Four to 8 × 10⁶ washed normal human marrow or CML blood cells were suspended in 2.5 mL myeloid LTC medium (MyeloCult; StemCell Technologies, Vancouver, BC, Canada) supplemented with 10⁻⁶ M freshly dissolved hydrocortisone (Sigma Chemicals, St Louis, MO); the cells were then placed into 35-mm tissue-culture dishes containing pre-established, irradiated adherent cell layers of normal human marrow as previously described.16 After an initial 7- to 10-day period of incubation at 33°C, half of the medium was replaced with fresh complete LTC medium and other agents, either simultaneously (cytokines) or 2 to 3 days later (antibodies or the SDF-1 antagonist). At the appropriate time, the nonadherent cells were removed and the adherent cells harvested enzymatically for assessment of the numbers and cycling activity of the CFCs present as described below.10 

Cells were removed from media harvested from LTCs that were being analyzed for progenitor cycling status, and the supernatants were stored frozen. SDF-1 concentrations were simultaneously determined on the thawed supernatants by means of a commercial enzyme-linked immunosorbent assay (ELISA) kit (Quantikine; R&D Systems) according to the manufacturer's directions.

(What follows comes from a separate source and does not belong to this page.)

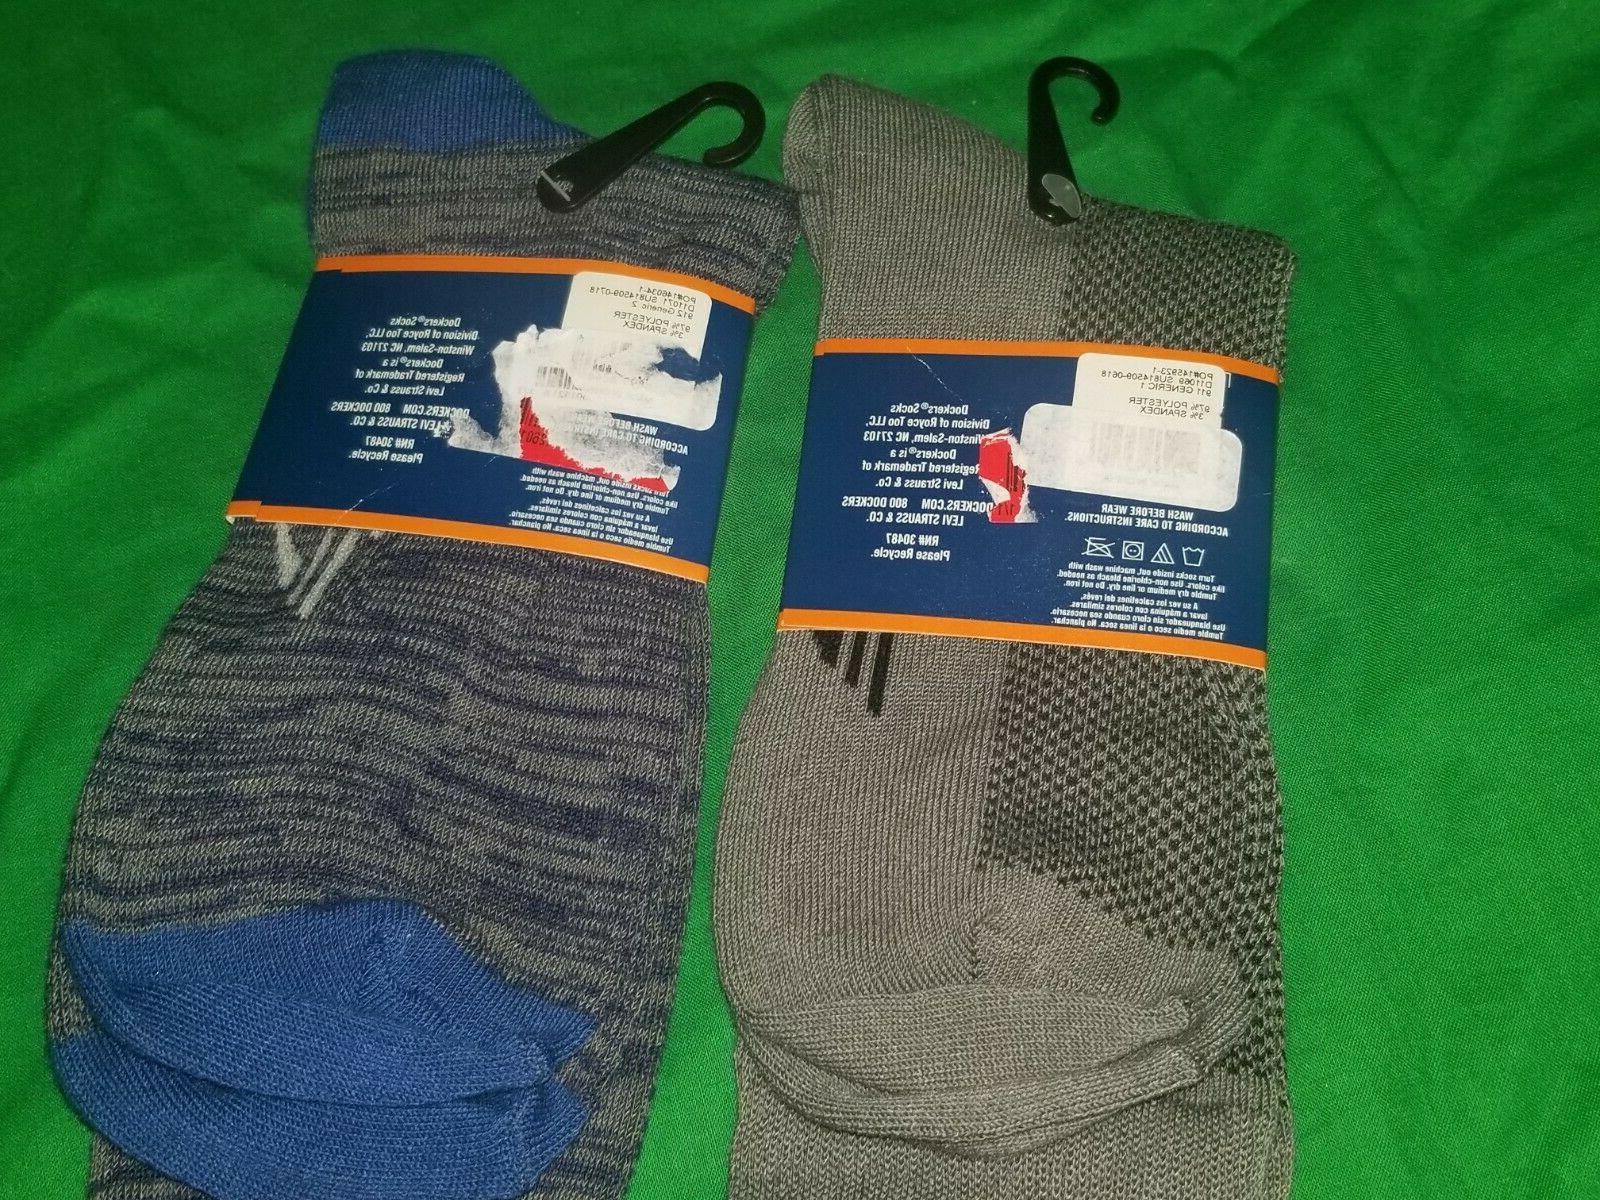 Dockers Dress 2 Gray & Size 6-12 Blend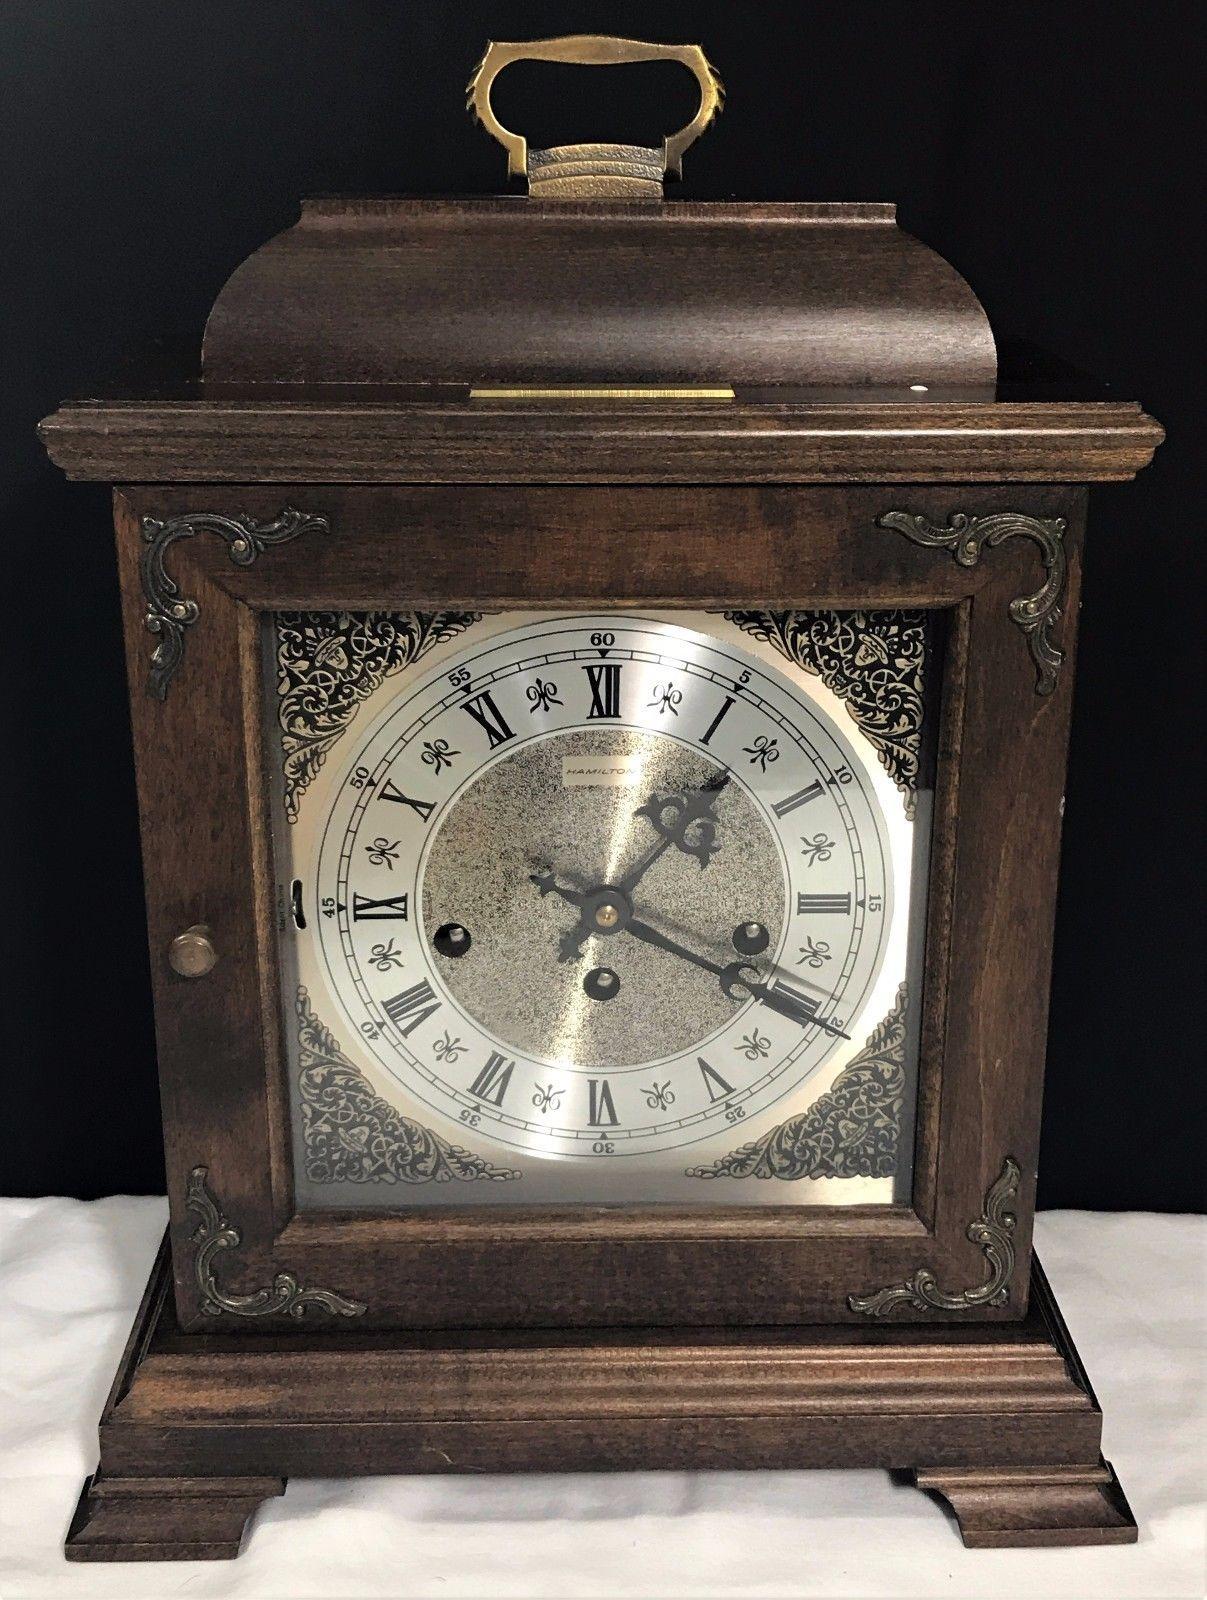 Hamilton Wheatland Westminster Chime Key Wound Mantel Clock

NOD/SCID mice were bred and maintained in the animal facility of the British Columbia Cancer Research Centre (Vancouver, BC, Canada) from mice originally obtained from the Jackson Laboratories (Bar Harbor, ME). All animals were kept in microisolator units and provided with sterilized food and water. Mice were irradiated (350 cGy of¹³⁷Cs γ-rays) at 6 to 8 weeks of age and then injected intravenously with human cells suspended in phosphate-buffered saline (PBS) (10⁷ or 2 × 10⁷ low-density, trypan blue–excluding cord blood or adult marrow cells per recipient mouse, respectively). Thereafter, the drinking water was acidified (pH = 3) and supplemented with 100 mg/L ciprofloxacin (Bayer, Leverkusen, Germany). At 6 to 8 weeks after transplantation, cord blood–engrafted mice were given 2 intraperitoneal injections, 24 hours apart, of 10 μg SDF-1 diluted in PBS (or an equal volume of PBS as a control). Similarly, bone marrow–engrafted mice were each injected twice with 10 μg SDF-1(G2), but not until 10 to 12 weeks after transplantation. At 1 day after the second injection, the mice were killed, and the marrow cells then removed from the 4 hind leg bones. Cell counts, phenotyping, and ³H-thymidine suicide assays were performed individually on the cells obtained from each mouse.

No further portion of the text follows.